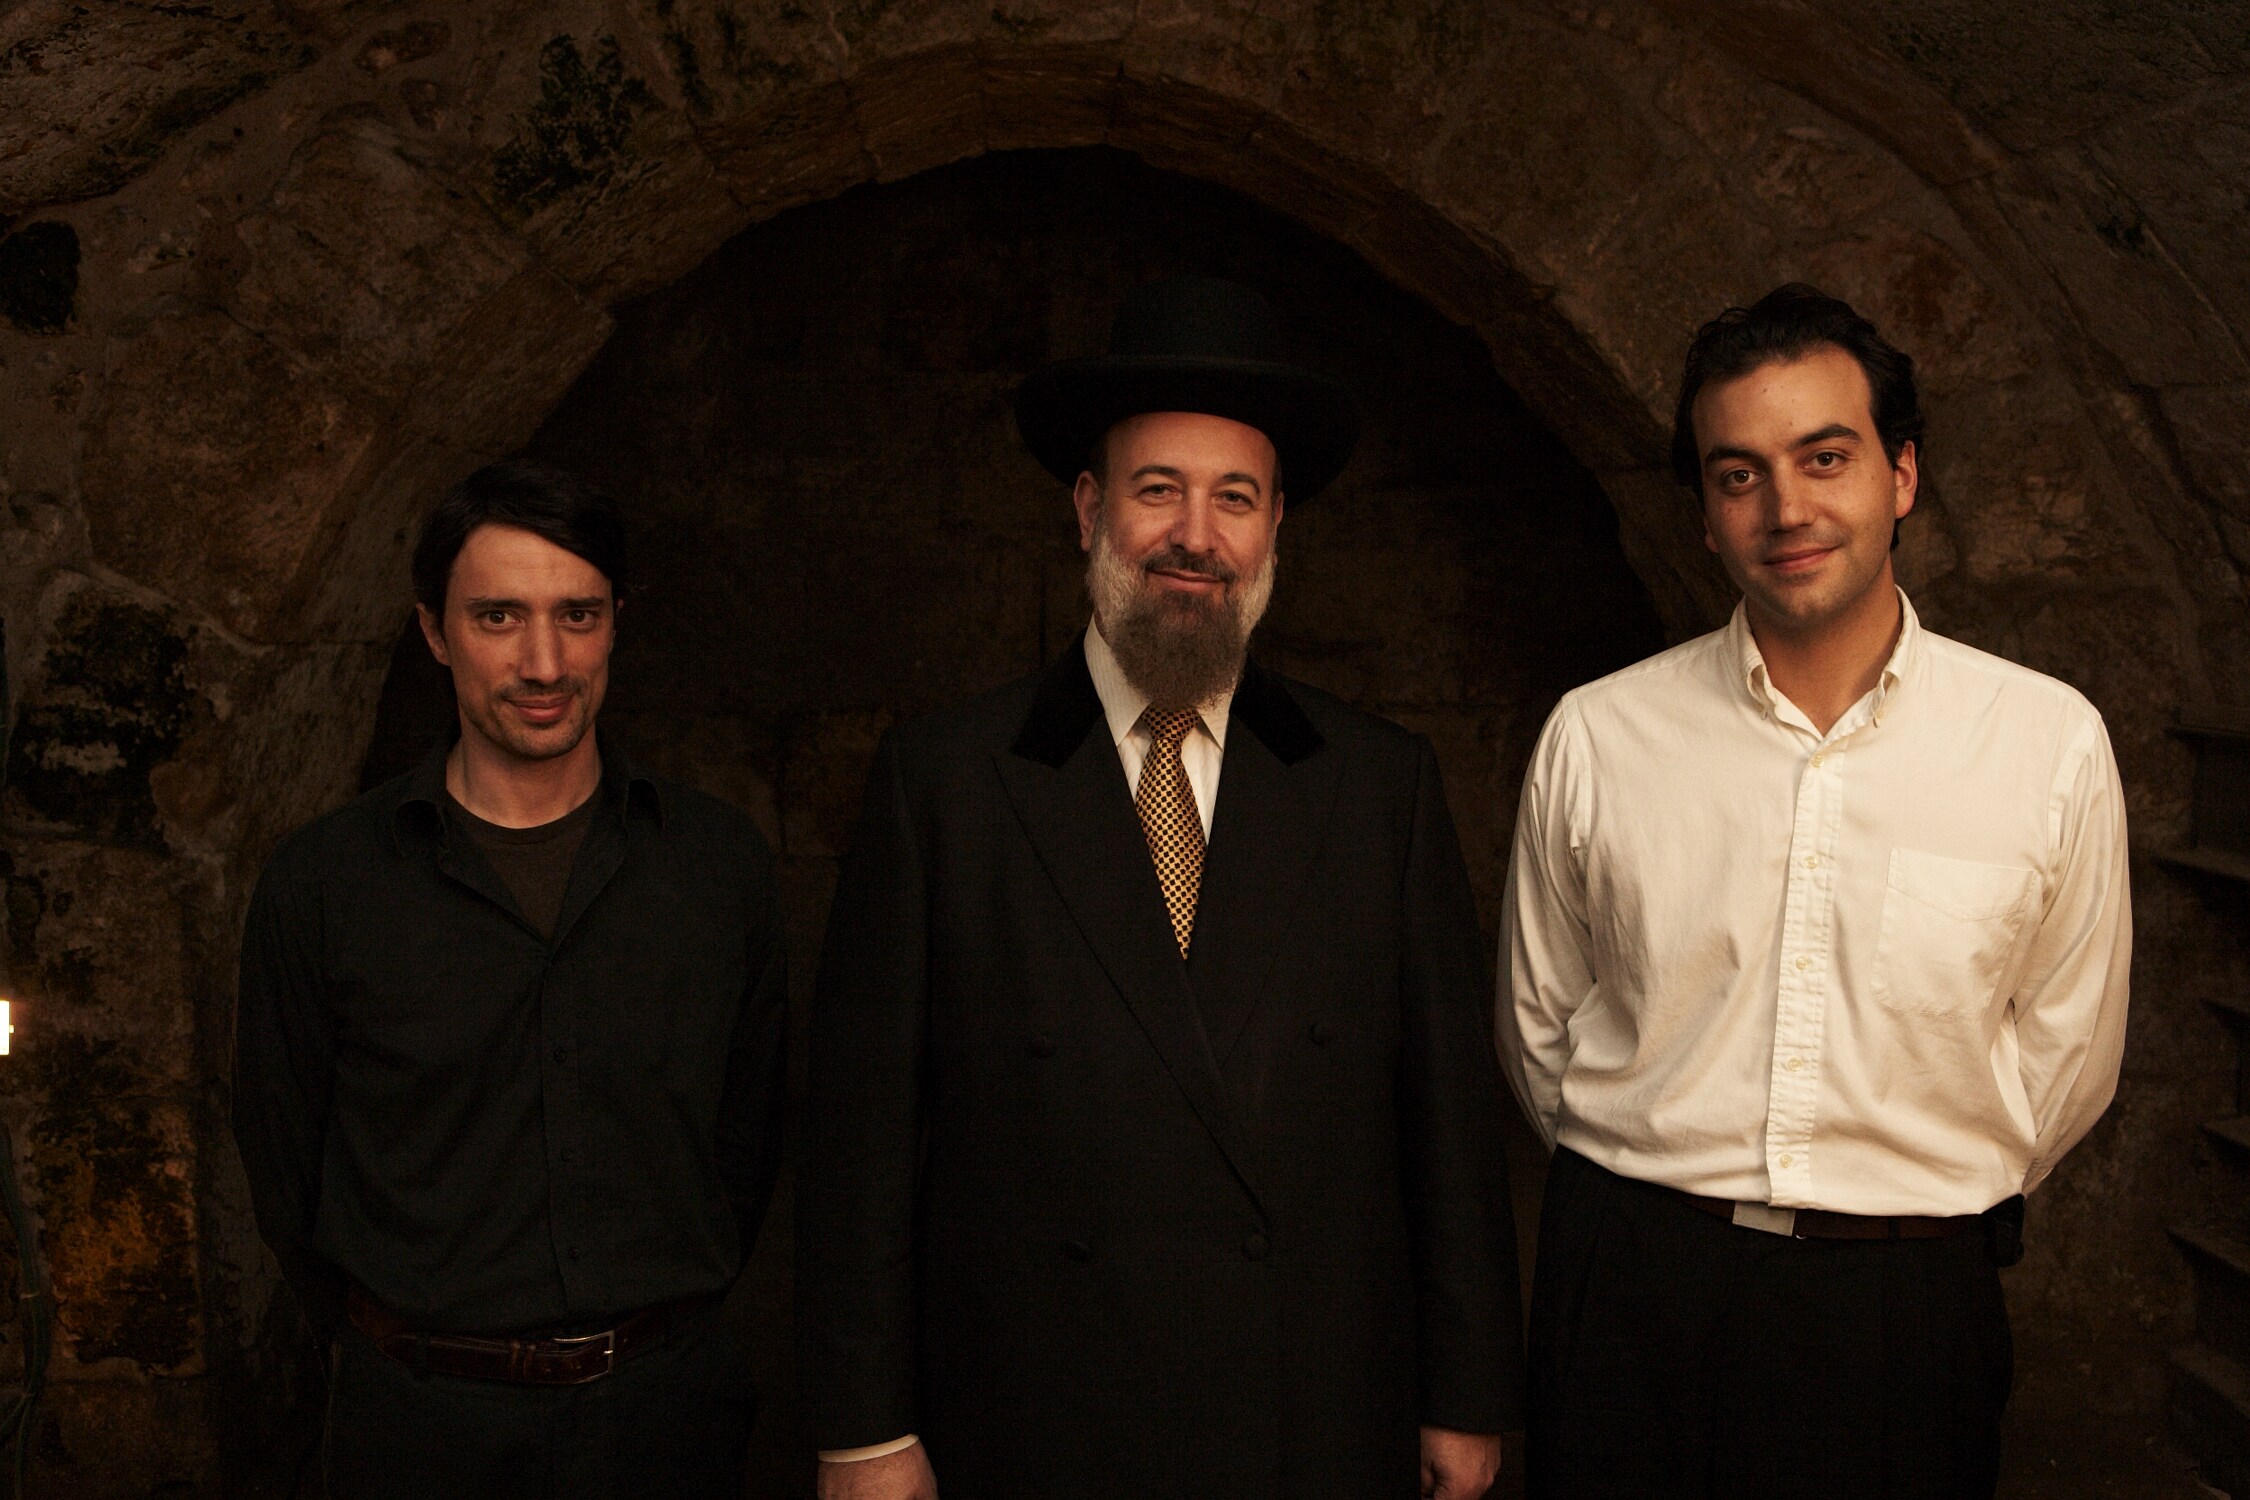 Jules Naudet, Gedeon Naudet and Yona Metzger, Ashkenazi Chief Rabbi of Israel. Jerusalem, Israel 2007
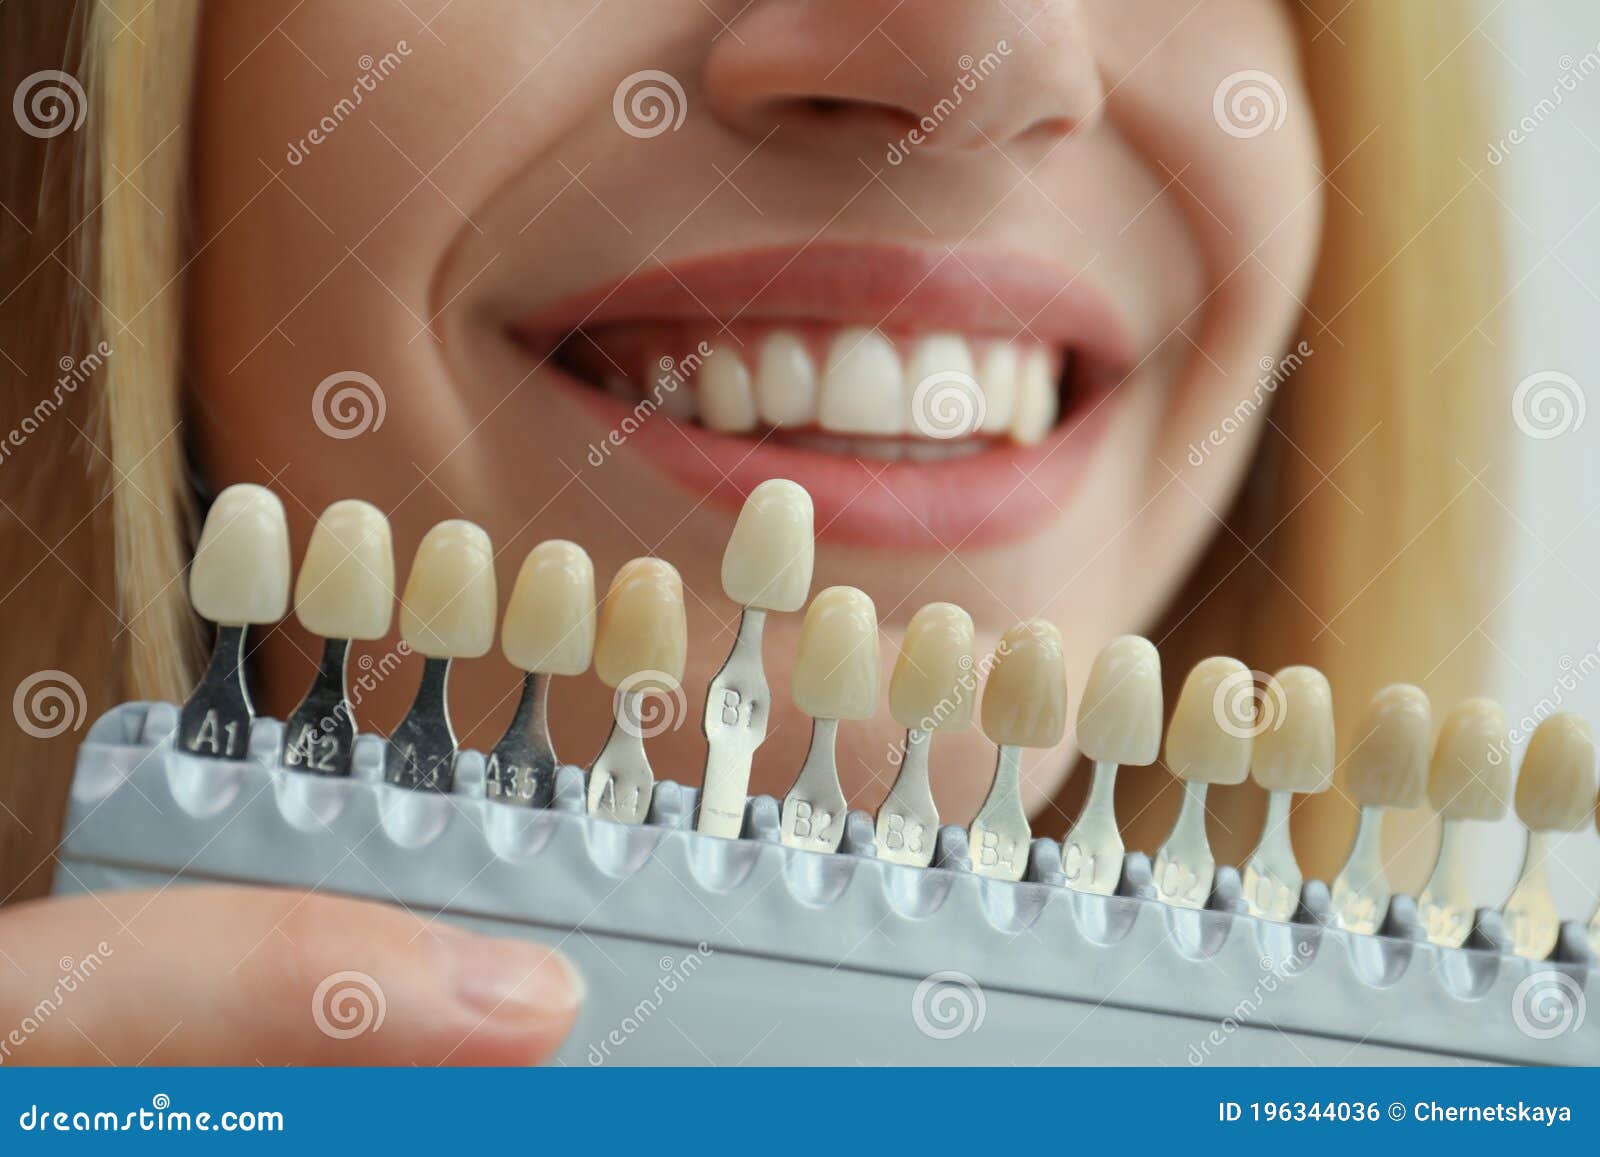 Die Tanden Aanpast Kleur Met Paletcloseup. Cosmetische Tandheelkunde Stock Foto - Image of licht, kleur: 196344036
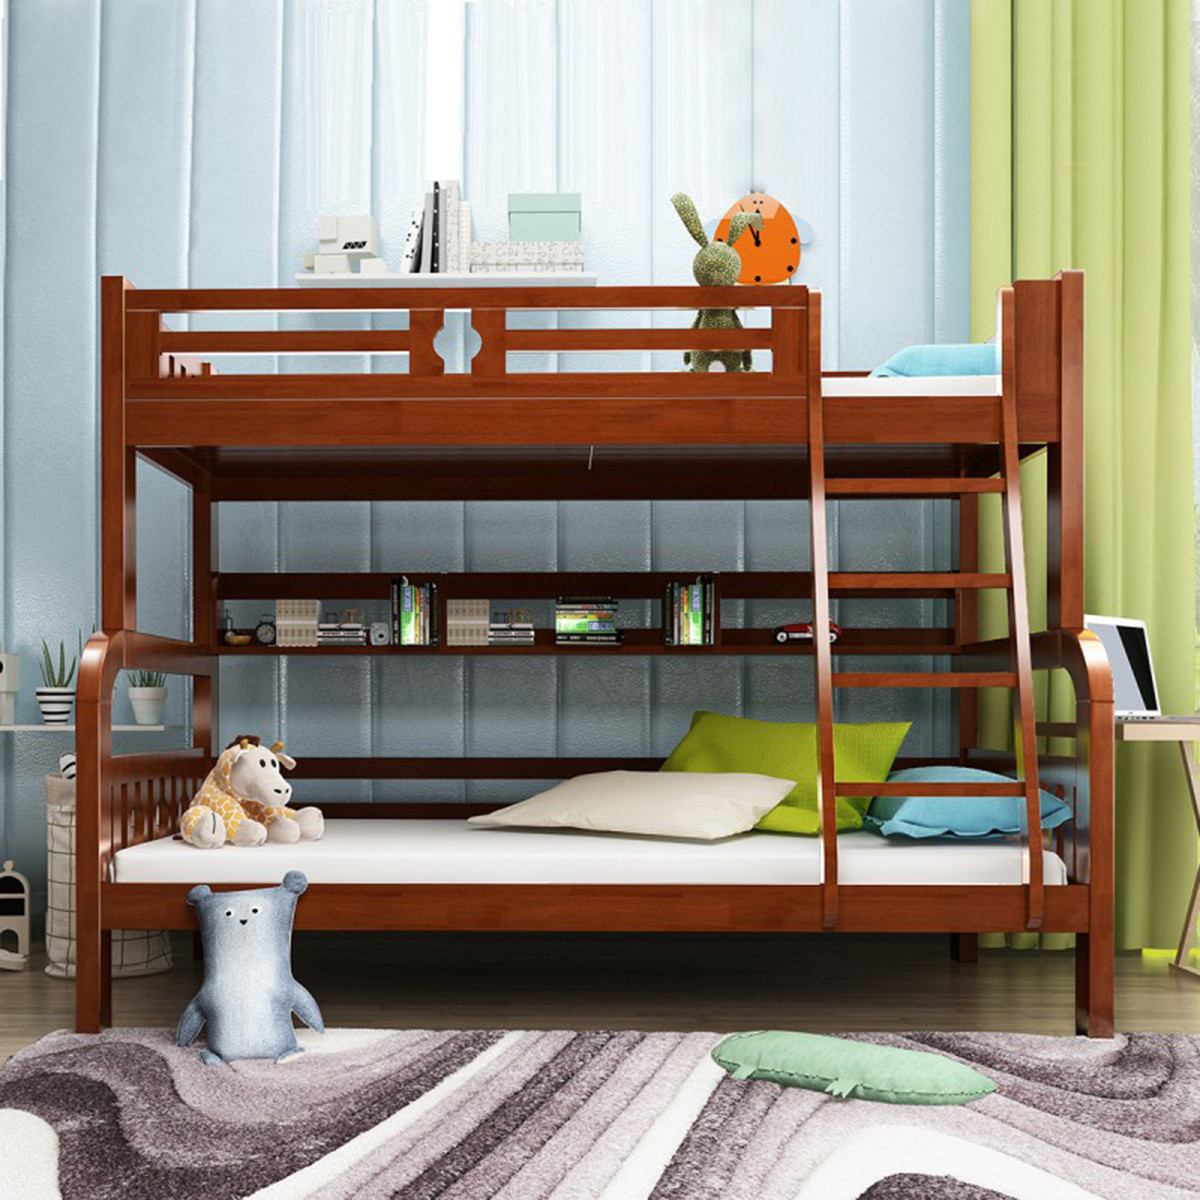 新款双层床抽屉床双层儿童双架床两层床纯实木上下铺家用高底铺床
-----
Problem description → Copy the listing exactly but drop its images.

Response for this exercise →
 Jules Naudet, Gedeon Naudet and Yona Metzger, Ashkenazi Chief Rabbi of Israel. Jerusalem, Israel 2007
 Die Tanden Aanpast Kleur Met Paletcloseup. Cosmetische Tandheelkunde Stock Foto - Image of licht, kleur: 196344036
 新款双层床抽屉床双层儿童双架床两层床纯实木上下铺家用高底铺床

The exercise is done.